Gregor said the only recommendation contained in the aviation department report that the FAA isn't following out of nine that pertain to it is one that calls for an annual report on enforcement actions against pilots locally.

"The FAA takes immediate action when we learn about possible regulations violations. However, it is important to remember that pilots accused of violations are entitled to due process," he said.

Gregor noted that the FAA banned first-phase flights of experimental aircraft out of North Las Vegas Airport in December. Experimental, or home-built, aircraft are banned from the airport until they have successfully completed the first phase of flight time, which is either 25 hours or 40 hours depending on the engine configuration.

"We will thoroughly review the report and consider any of the recommendations that are within our purview and that we do not currently have implemented," he said.

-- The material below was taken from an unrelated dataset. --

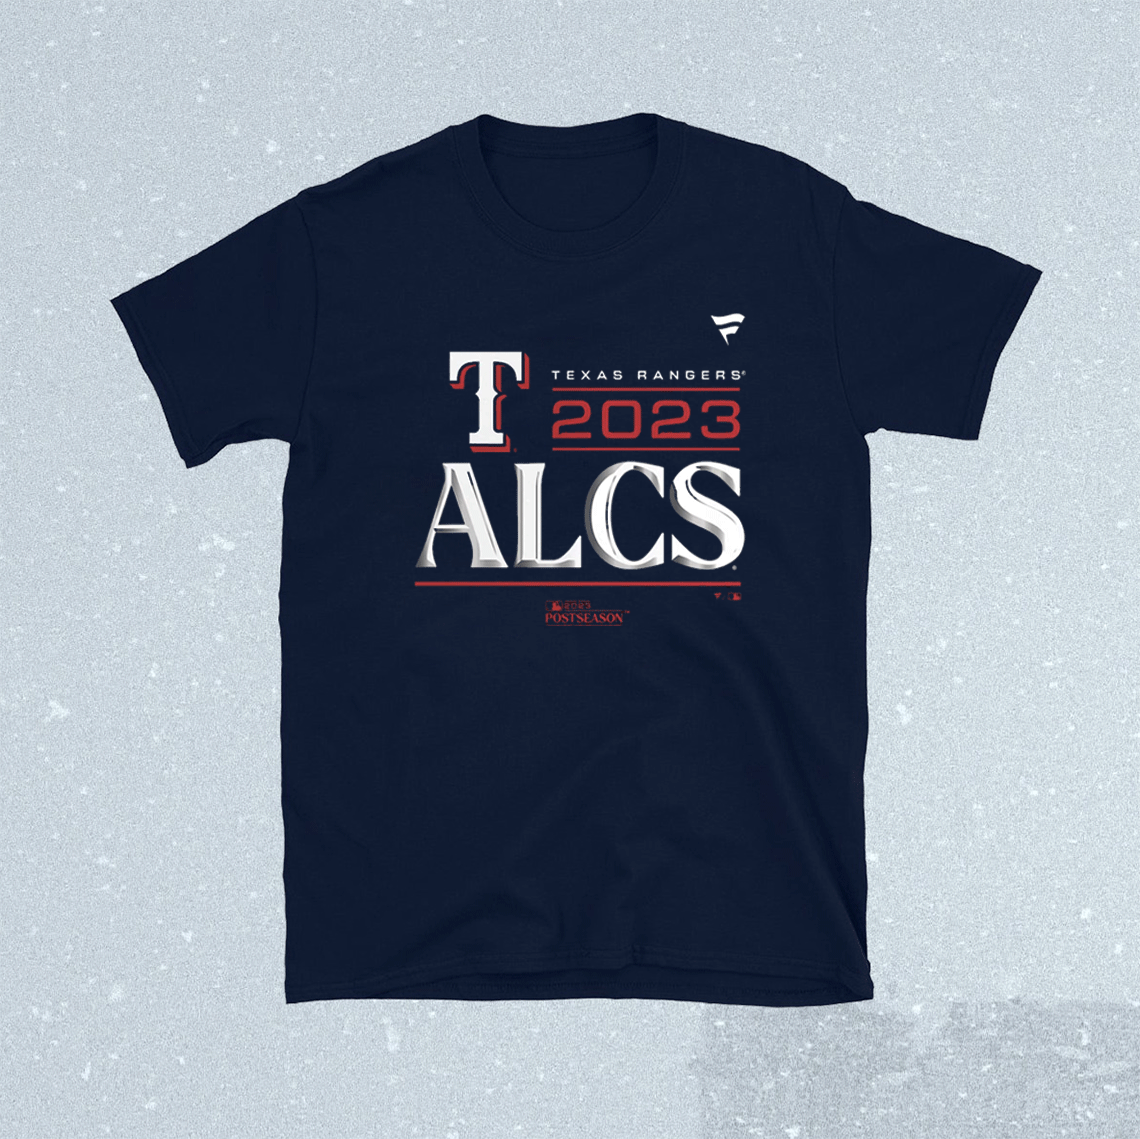 Texas Rangers Alcs 2023 T-Shirt - ReviewsTees
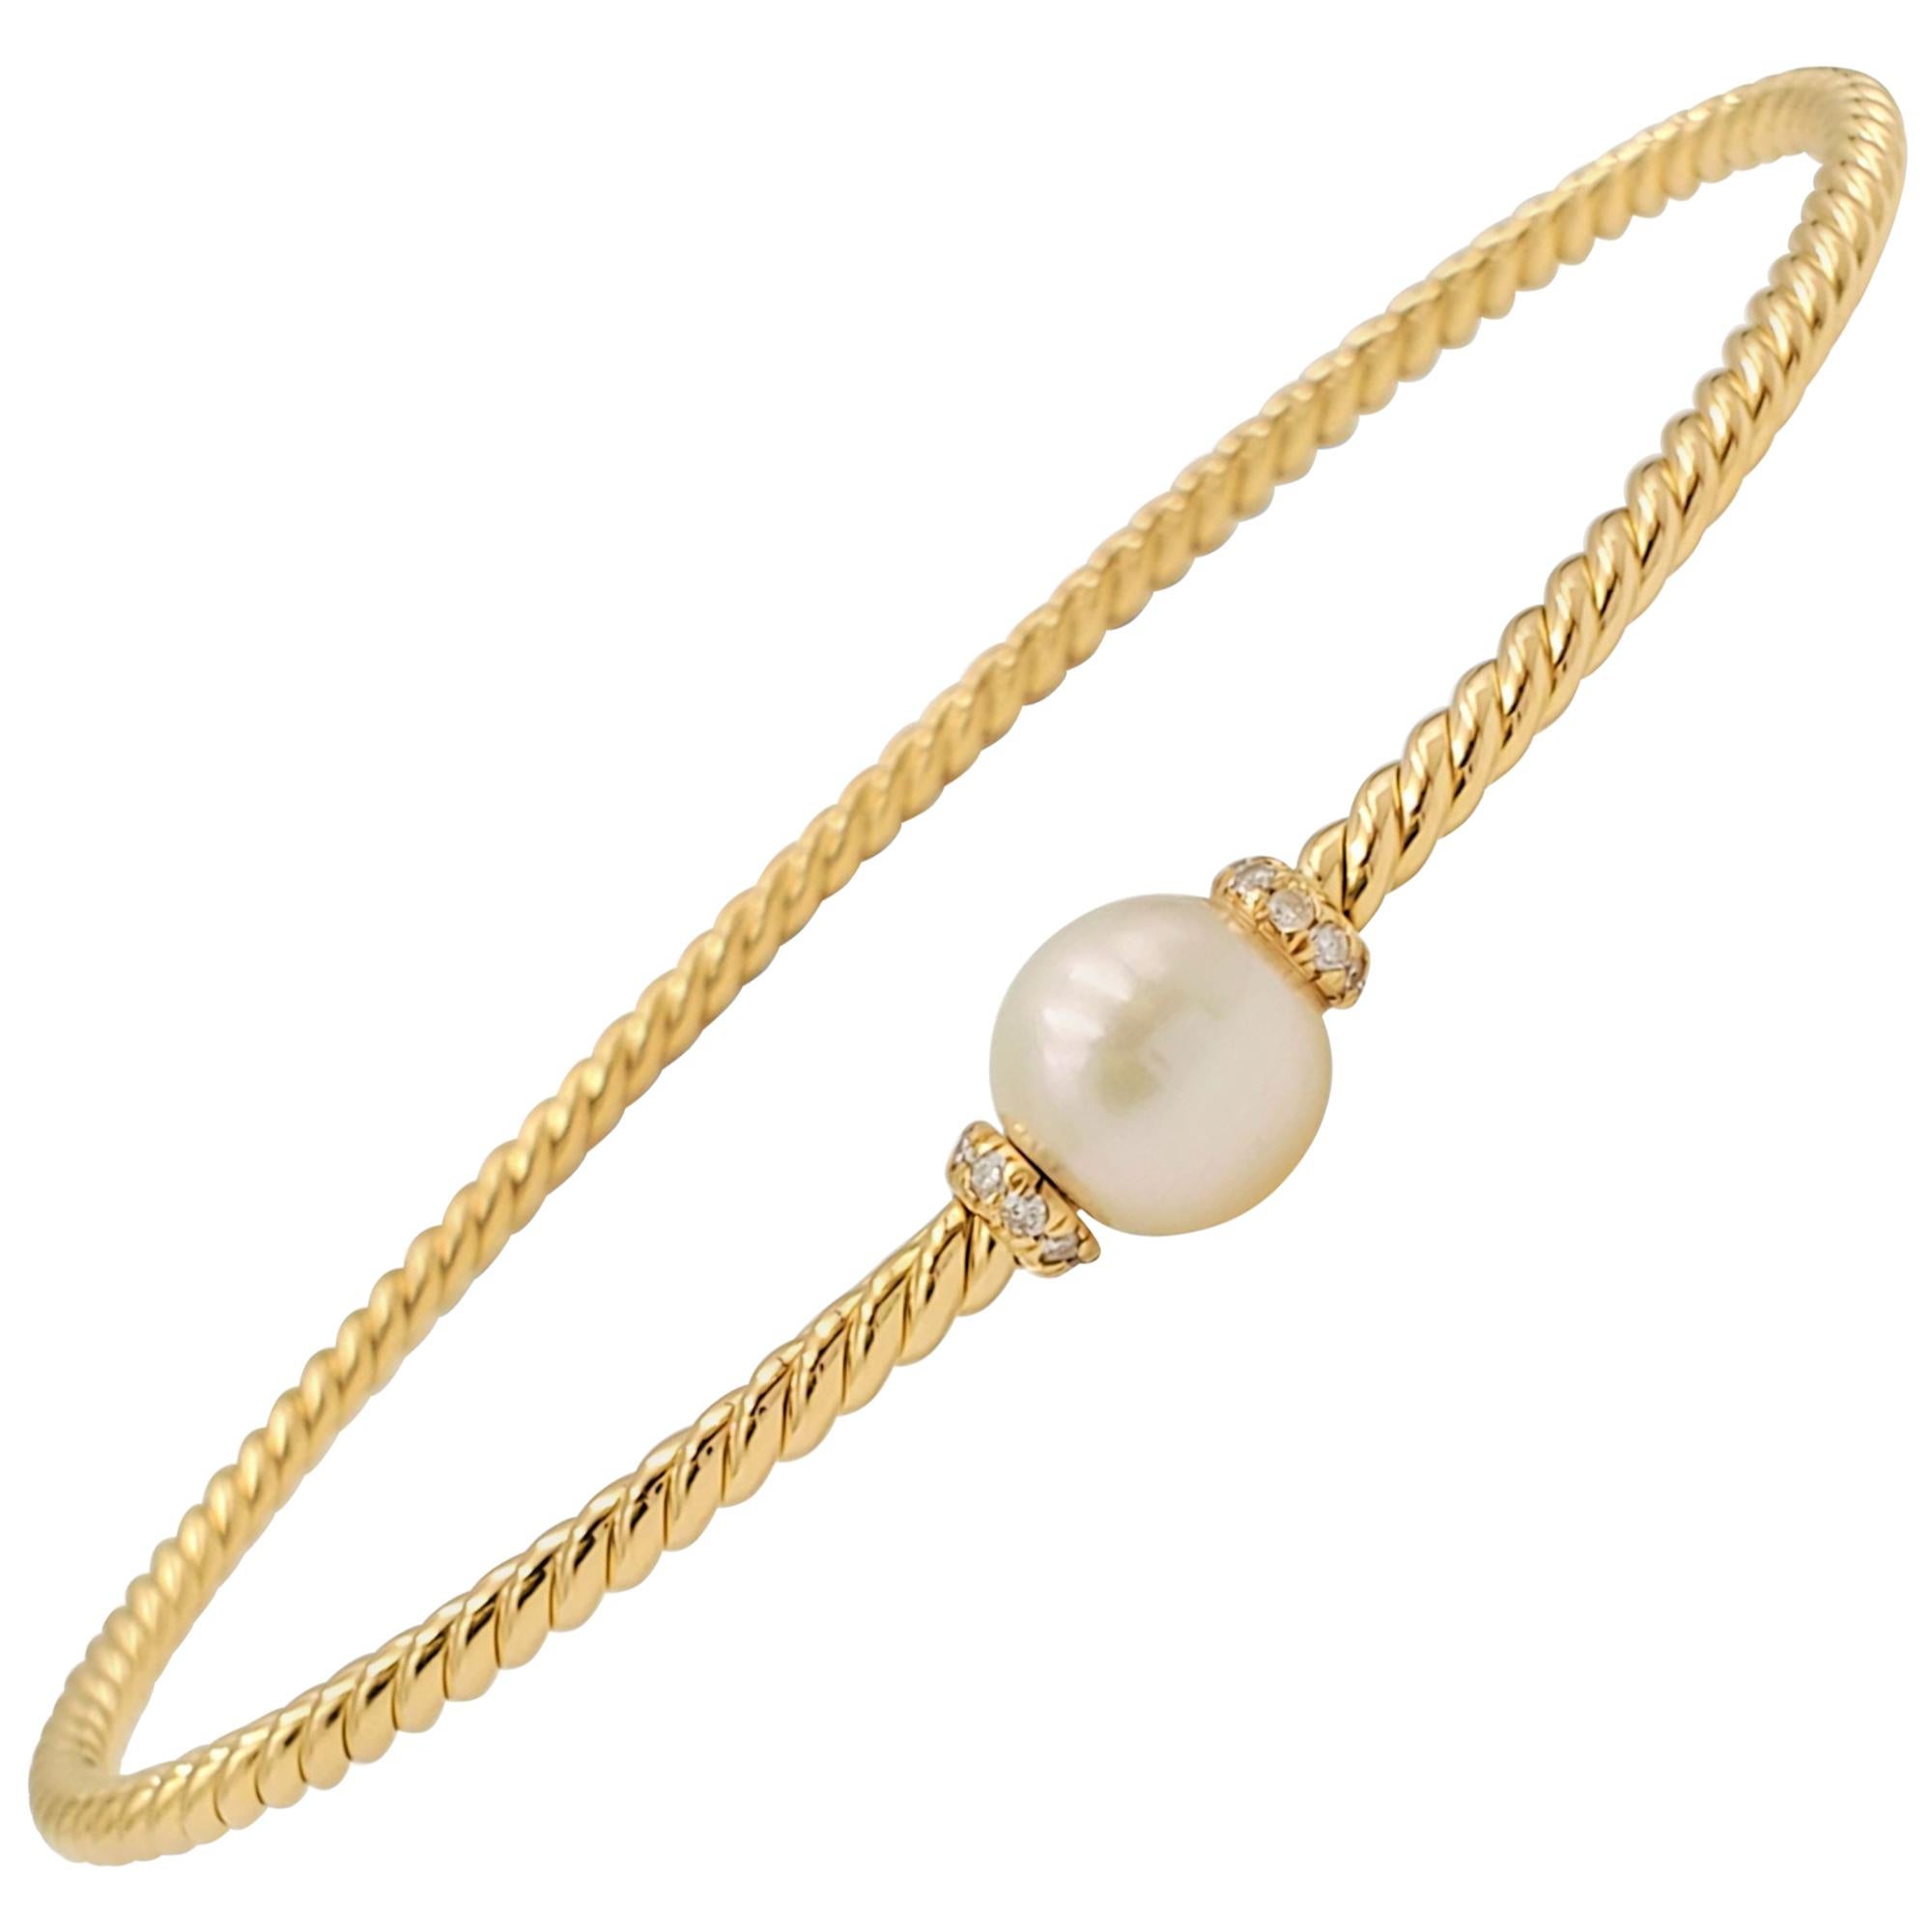 David Yurman 'Petite Solari' Station Bracelet with Cultured Pearl and Diamonds

State Senate Majority Leader Steven Horsford, D-Las Vegas, and Assemblywoman Marilyn Kirkpatrick, D-North Las Vegas, issued a statement Monday calling for affected agencies to heed the report's recommendations. "We urge local and federal officials to follow up on these recommendations and implement those that ensure a safer operation of the airport and protect North Las Vegas and Las Vegas neighborhoods," their statement reads.

The report noted that the county's Department of Aviation doesn't have jurisdiction to regulate aviation safety, which is the FAA's responsibility.